→ Task requirements: Leave out the pictures, and retype the remaining data exactly.

→ Collected material:
= = = =

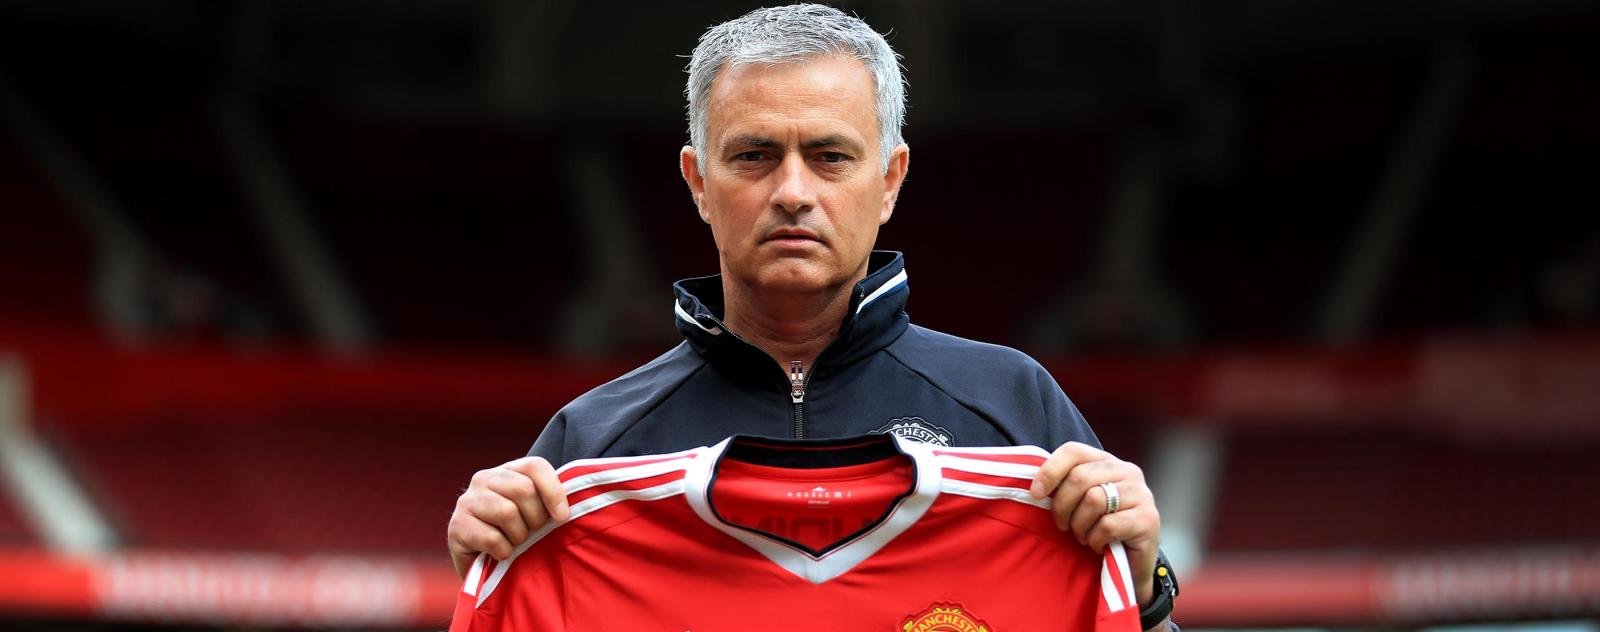 Manchester United set to sign 17-year-old winger on a three-year deal
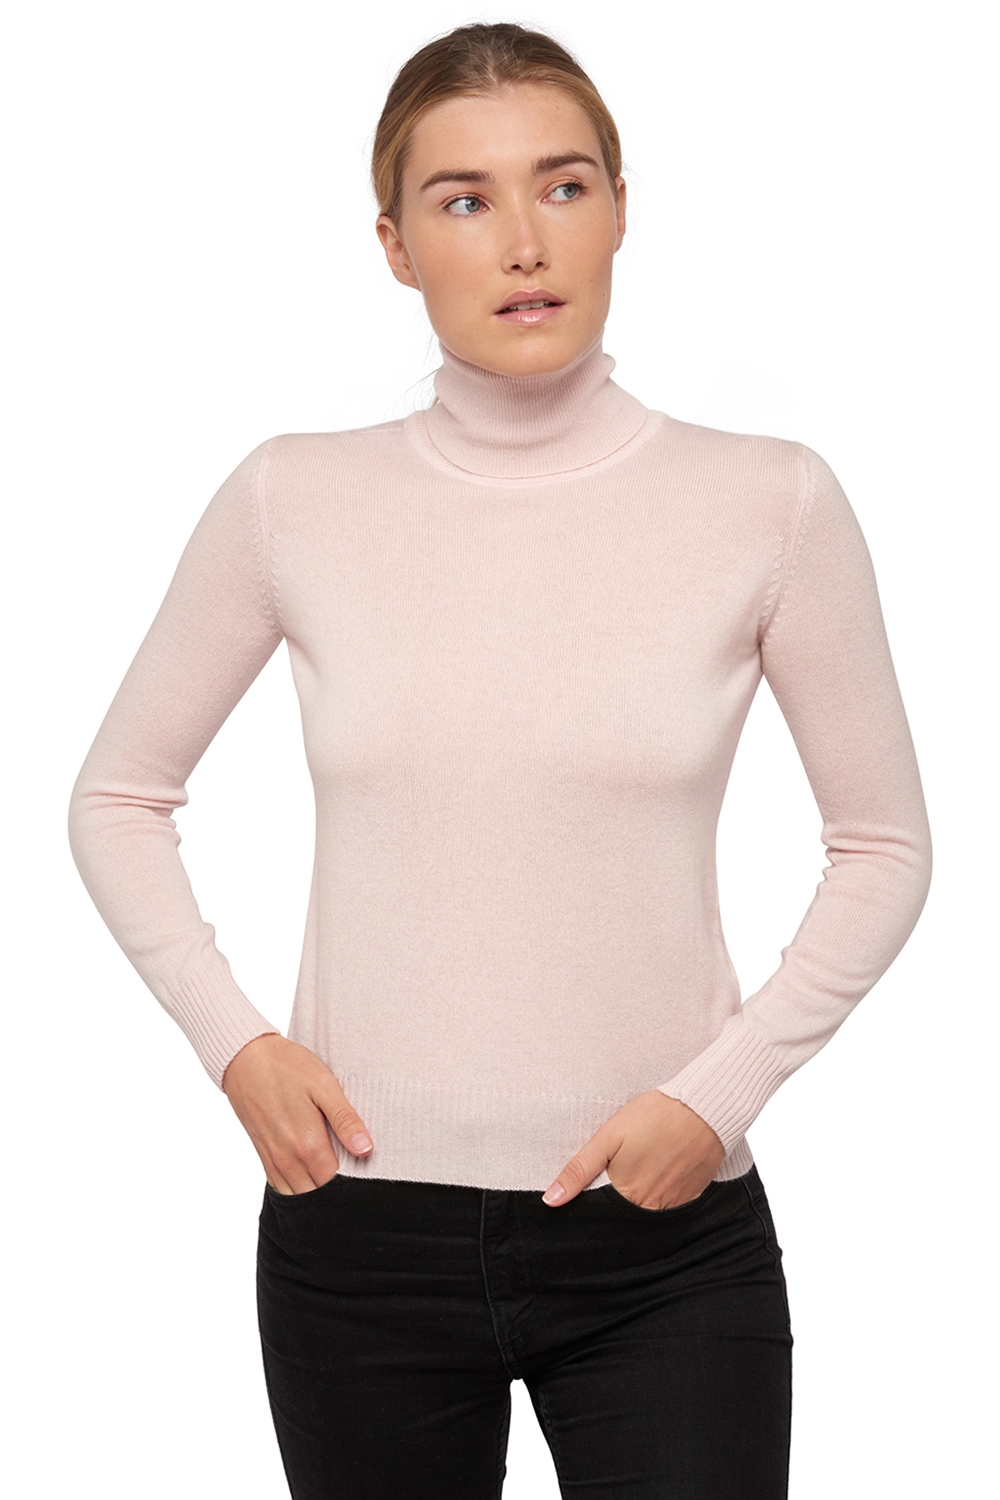 Cachemire pull femme col roule lili rose pale 2xl
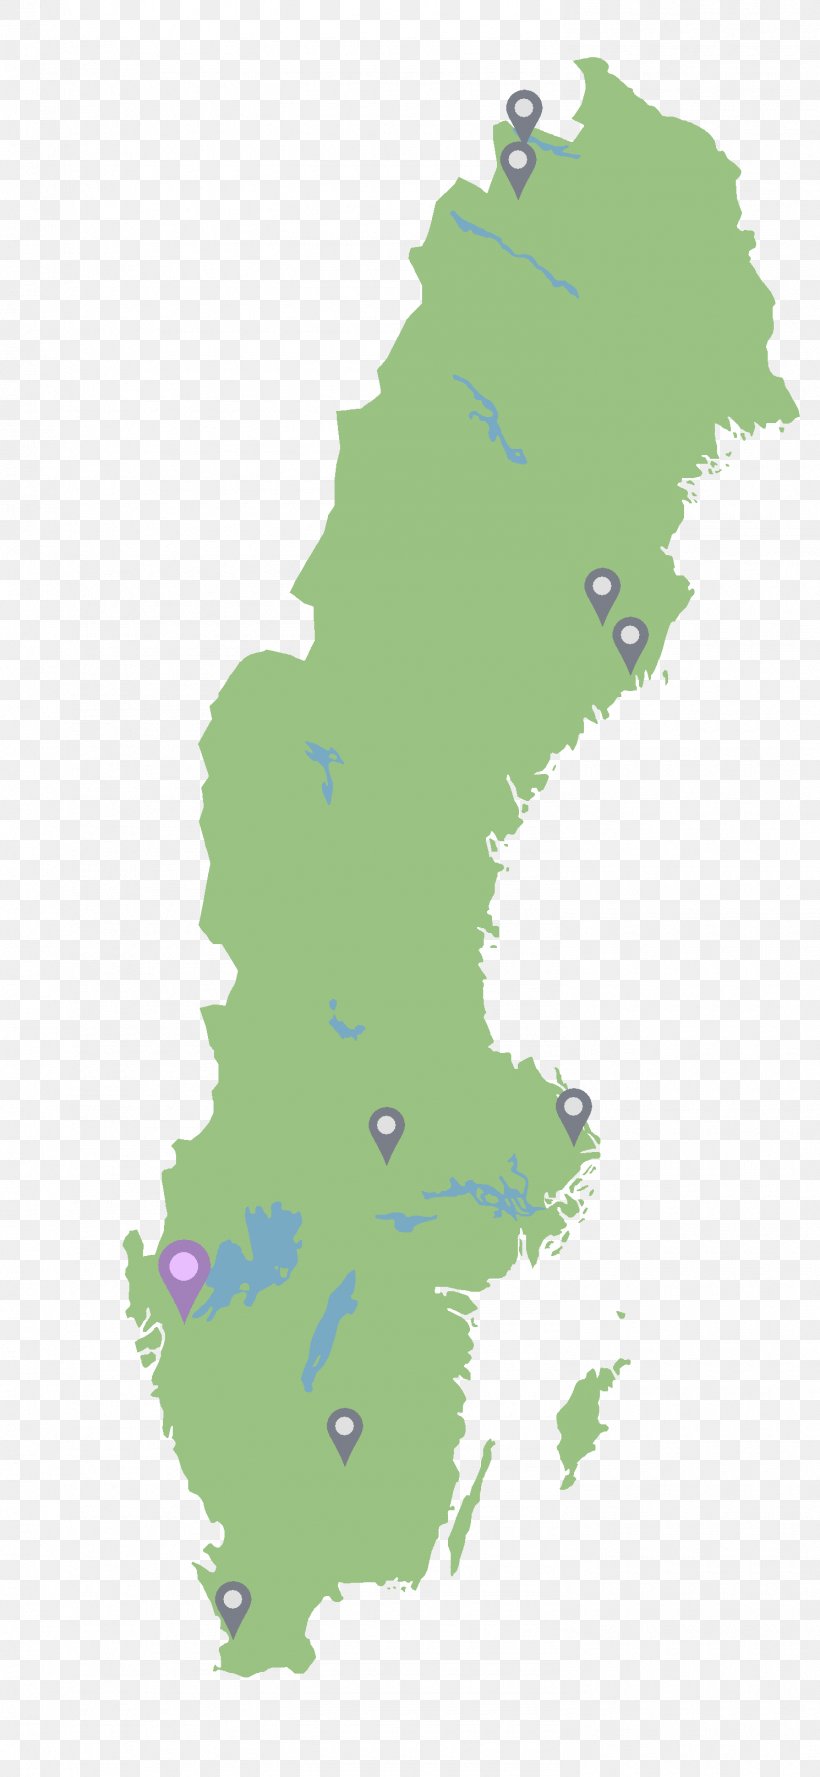 Sweden Vector Graphics Royalty-free Clip Art Illustration, PNG, 1490x3230px, Sweden, Area, Ecoregion, Istock, Map Download Free

= = = =

→ Your solution:
 Manchester United set to sign 17-year-old winger on a three-year deal
 Cachemire pull femme col roule lili rose pale 2xl
 Sweden Vector Graphics Royalty-free Clip Art Illustration, PNG, 1490x3230px, Sweden, Area, Ecoregion, Istock, Map Download Free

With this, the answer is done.